But as they saw the only way by which they could descend farther, they hesitated. Ahead, there was nothing but the sheer precipice while the only foothold was a narrow shelf of rock leading directly under the stupendous, spouting, roaring mass of water. But the Indian did not hesitate, and so anxious were the boys to reach the river far beneath them, that despite their tingling nerves and their fear at attempting the dizzying passage, they followed after him. Crawling along, clinging to the rough cliffside, and trembling, the boys made their way, holding back but an instant as over their heads thundered the huge sheet of water.
But all passed safely, and reaching the opposite side of the cliff, they found a rough rock-strewn defile or gully leading down towards the valley.

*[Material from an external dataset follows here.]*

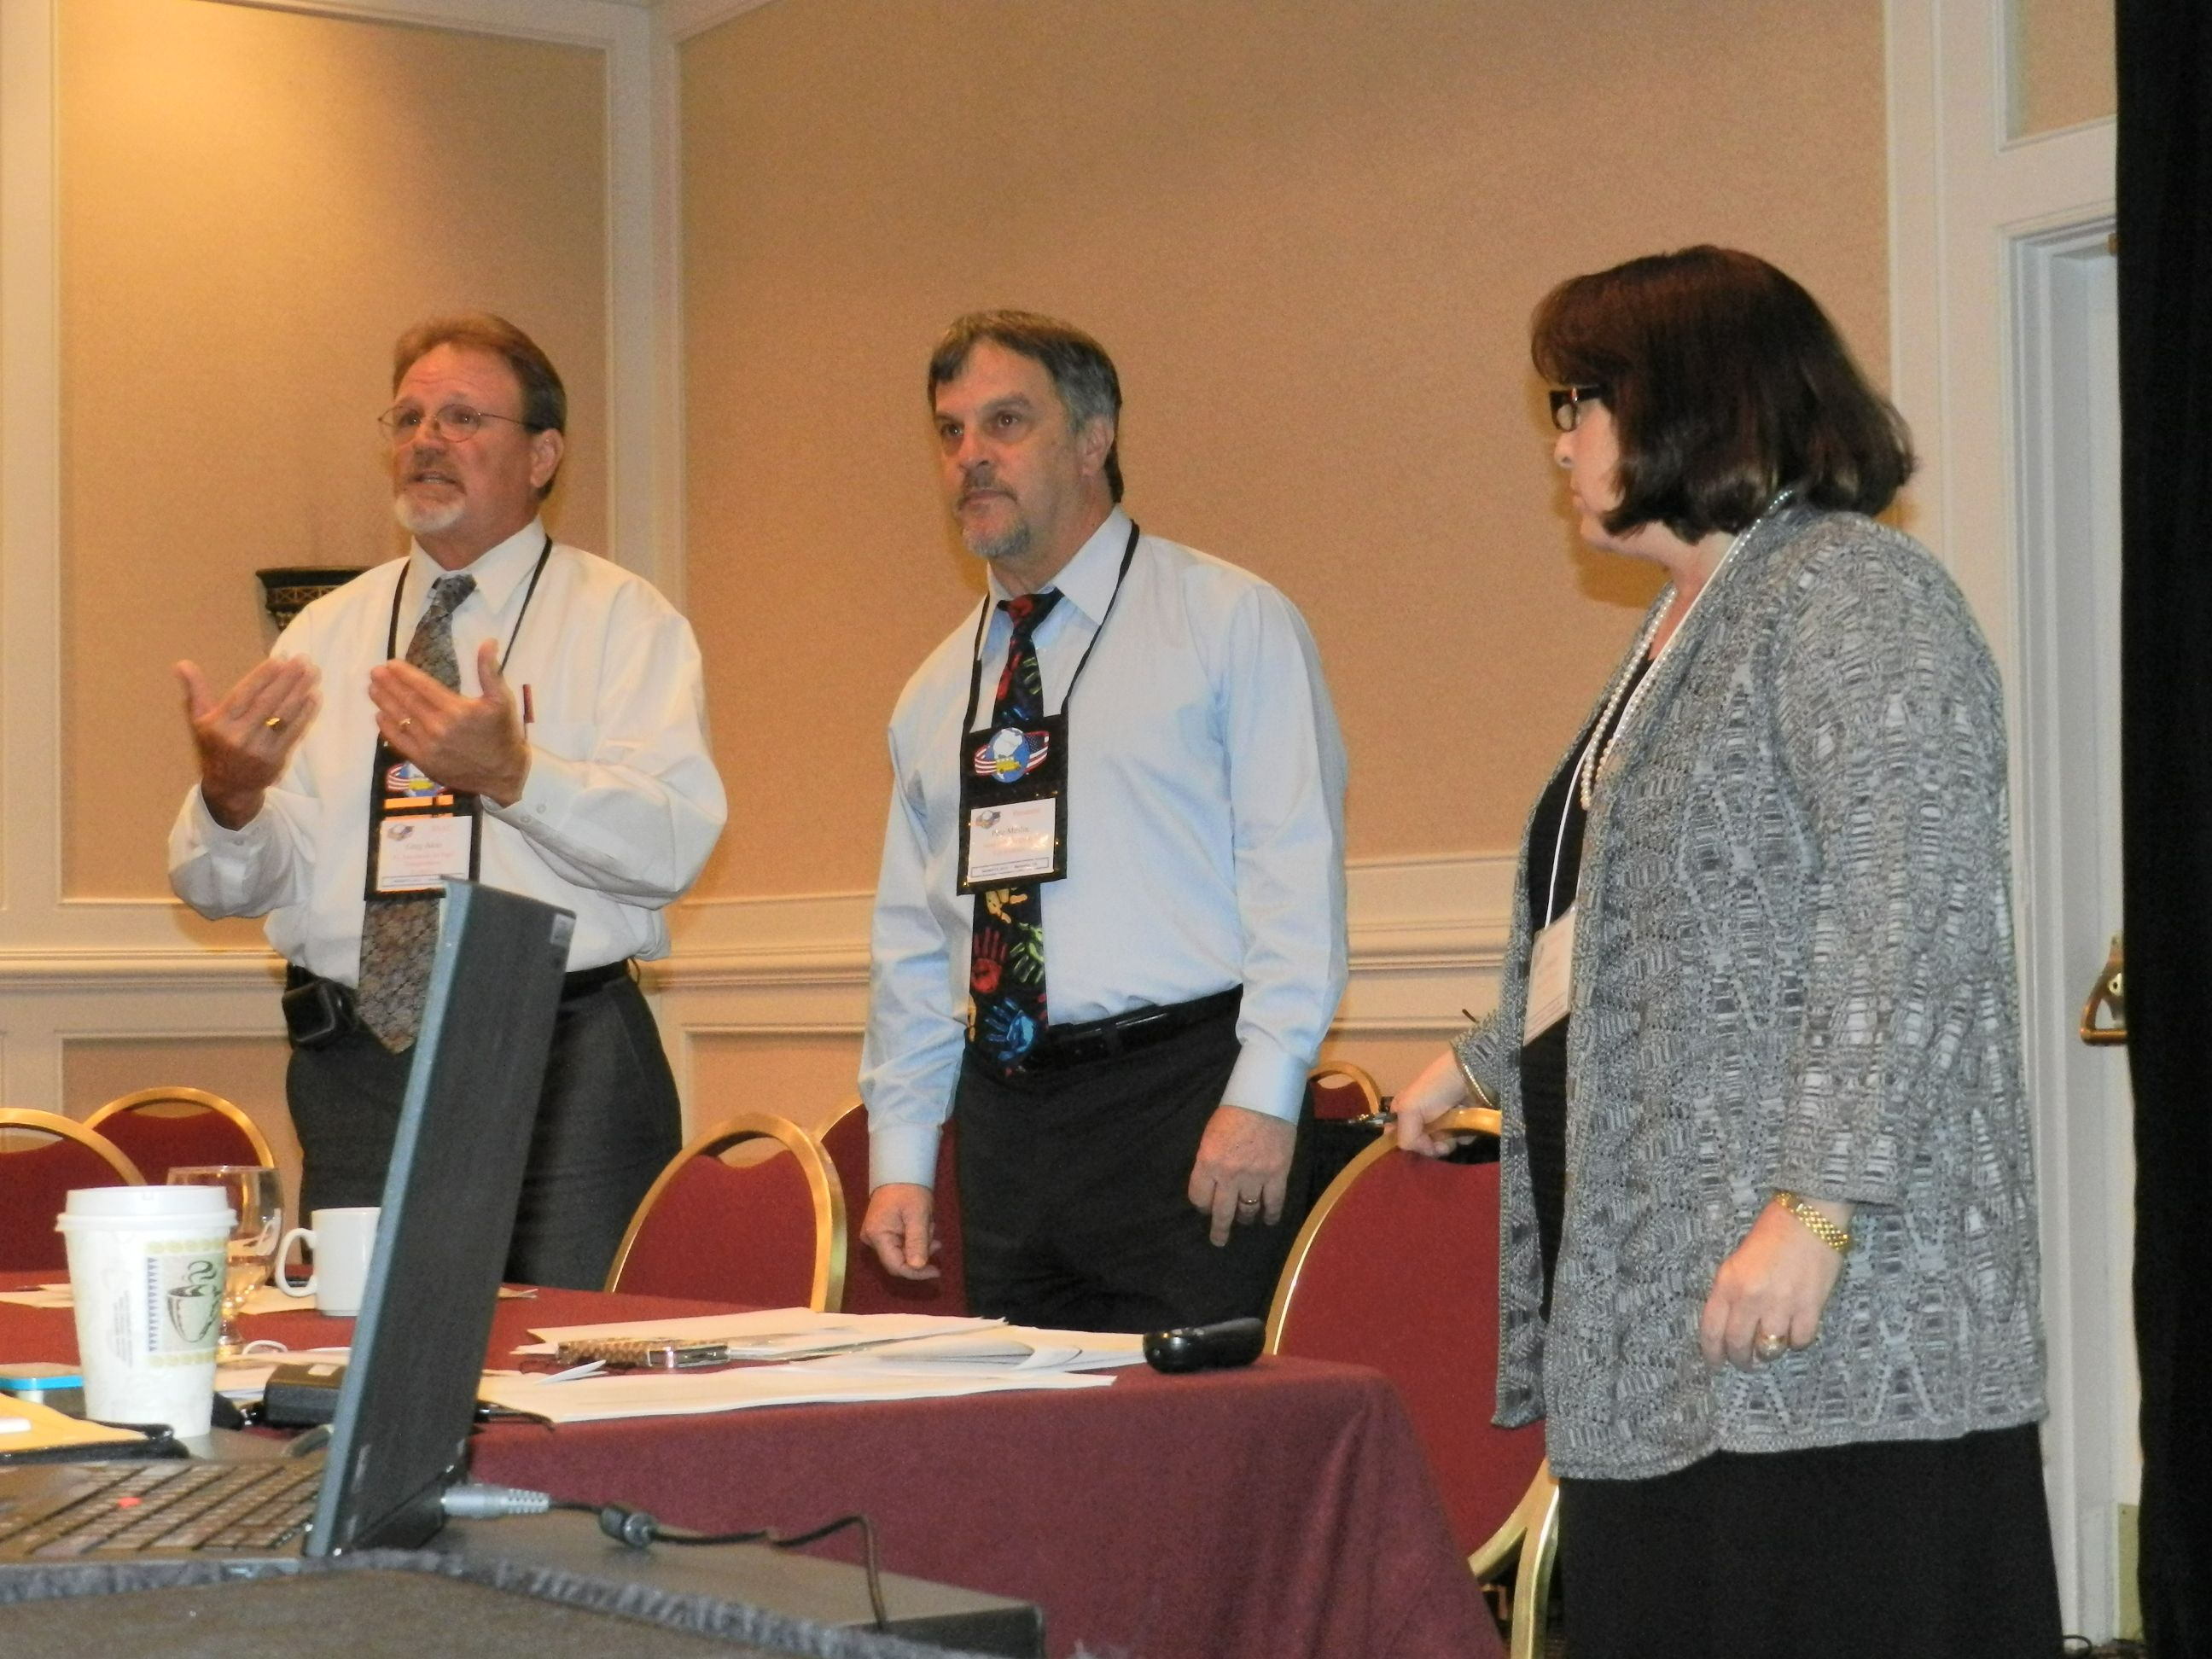 NASDPTS looks at ways to enhance training, service

If the place had appeared beautiful and marvelous beyond words from above, it seemed even more wonderful as the four left the end of the rocky trail behind and stepped onto a smooth green glade which stretched along the banks of a small river. All stood silent, gazing about at the scene around them. Everywhere, beyond the little stretch of grassy meadow, rose great, broad-trunked, towering trees, their branches growing in a dense, impenetrable tangle of intertwining limbs, and with hanging aerial roots like banyan trees, the whole forming an almost solid network, a veritable roof, far above the earth. But it was not their trunks or their matted branches which held the attentions of the four who stood there in the strange valley, but the great banner-like leaves of the trees. Huge they were, broad, a yard or more in length, and all a vivid, blazing, intense scarlet.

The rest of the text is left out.